* _TASK GOAL_
Please reproduce all of the data below exactly, leaving each picture out.

* _SUPPLIED MATERIAL_
★ ★ ★ ★ ★ ★ ★

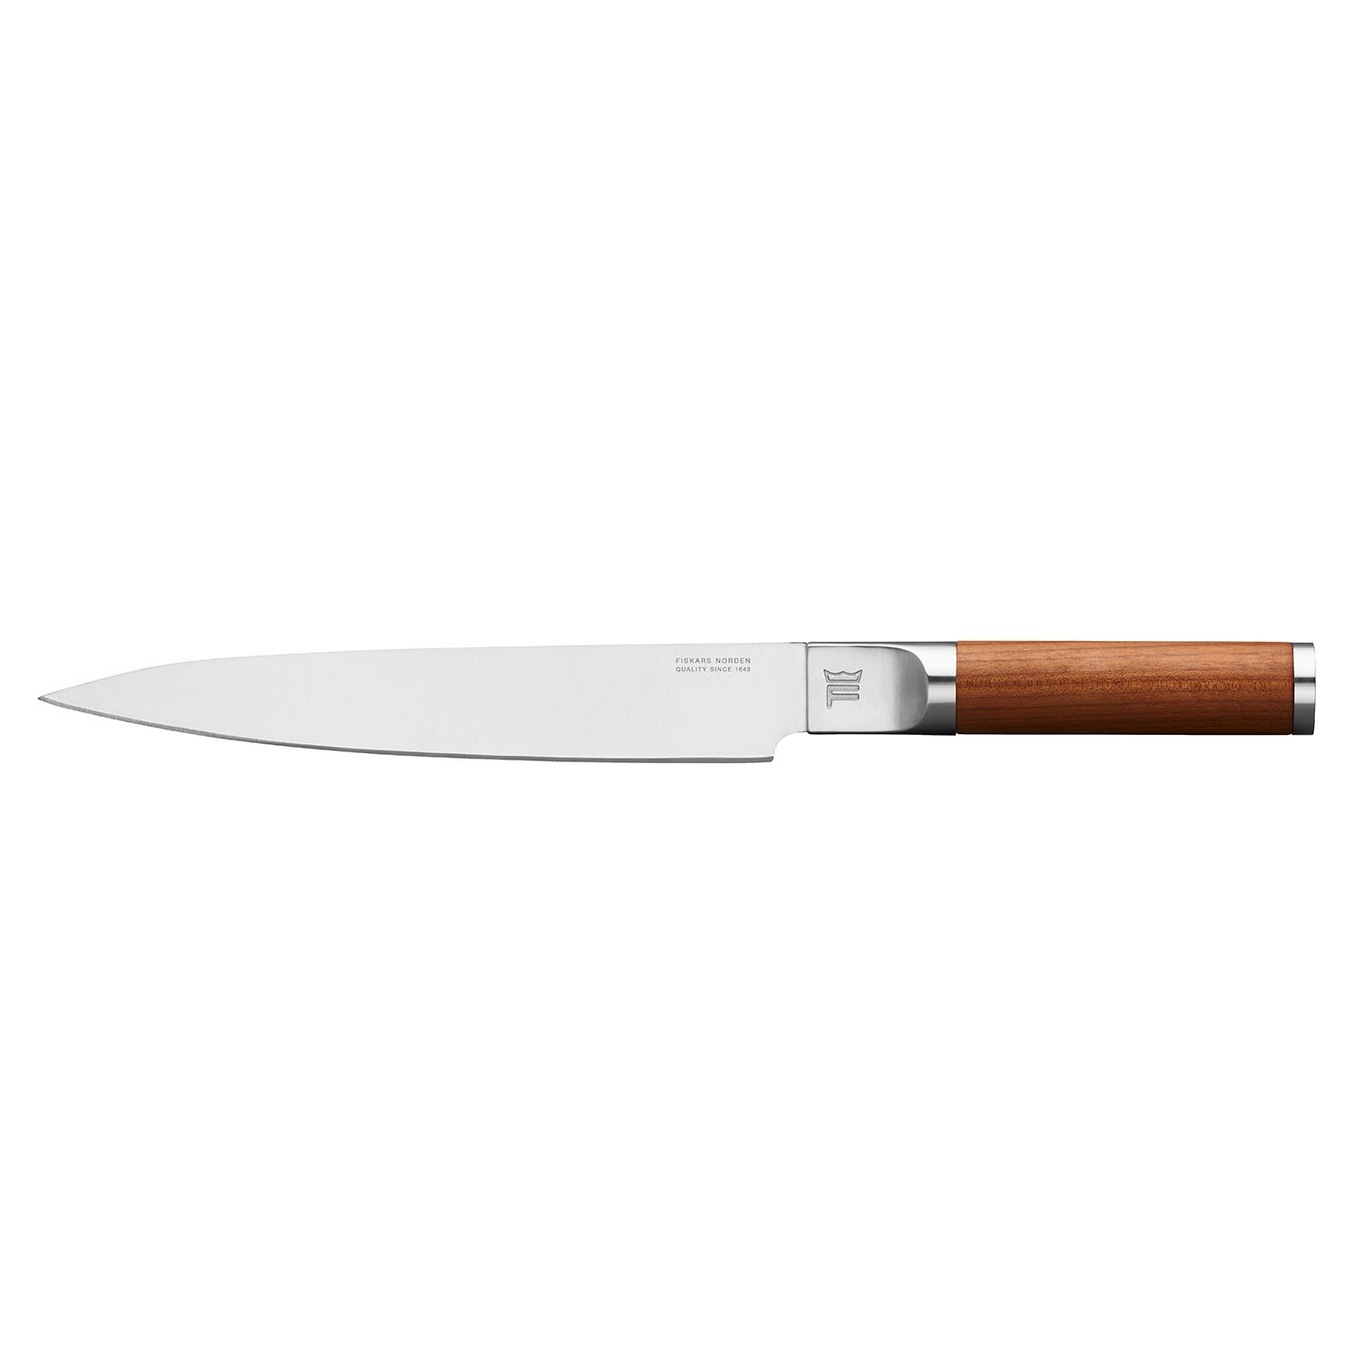 https://royaldesign.com/image/2/fiskars-norden-carving-knife-20-cm-0?w=800&quality=80
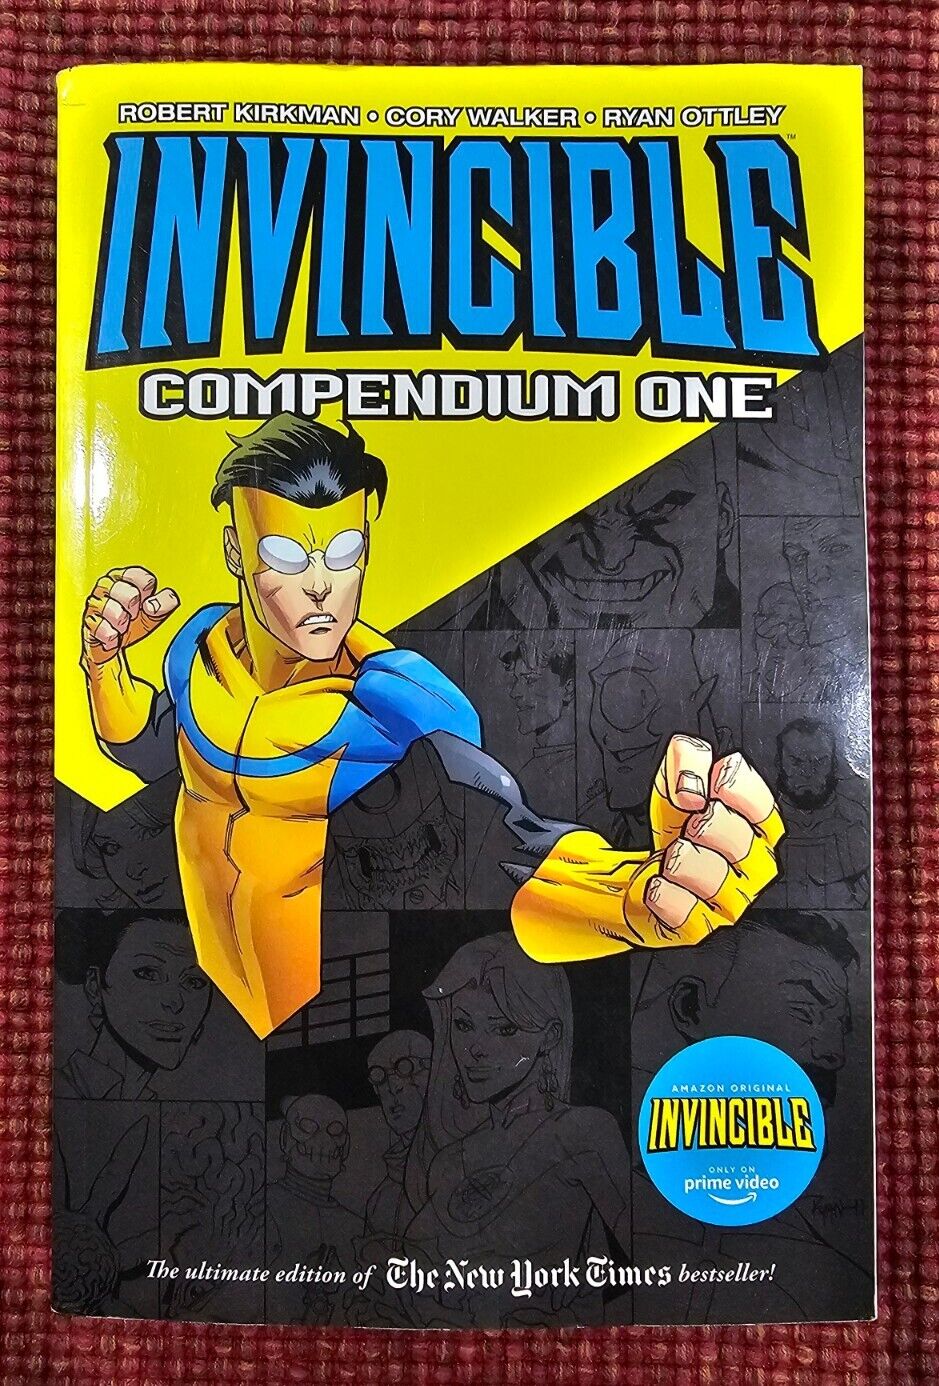 Invincible 2021 Compendium One Robert Kirkman Ultimate Edition Volume, 47 Issues
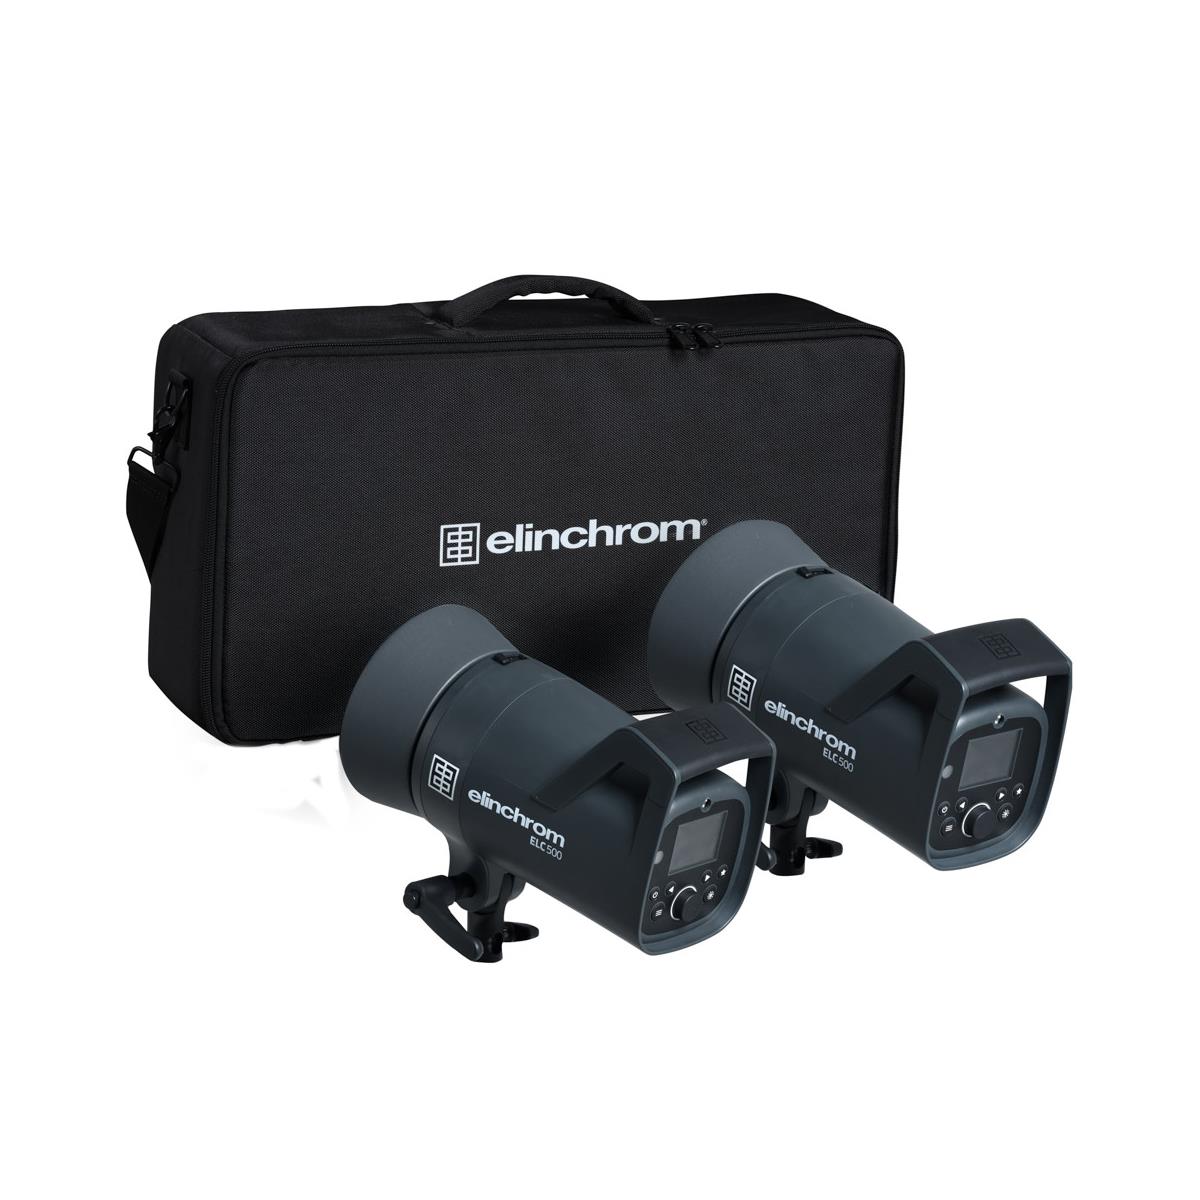 Image of Elinchrom ELC 500/500 Studio Monolight Dual Kit with Reflectors and Case

★ ★ ★ ★ ★ ★ ★

* _RESPONSE AREA_
 https://royaldesign.com/image/2/fiskars-norden-carving-knife-20-cm-0?w=800&quality=80
 Invincible 2021 Compendium One Robert Kirkman Ultimate Edition Volume, 47 Issues
 Image of Elinchrom ELC 500/500 Studio Monolight Dual Kit with Reflectors and Case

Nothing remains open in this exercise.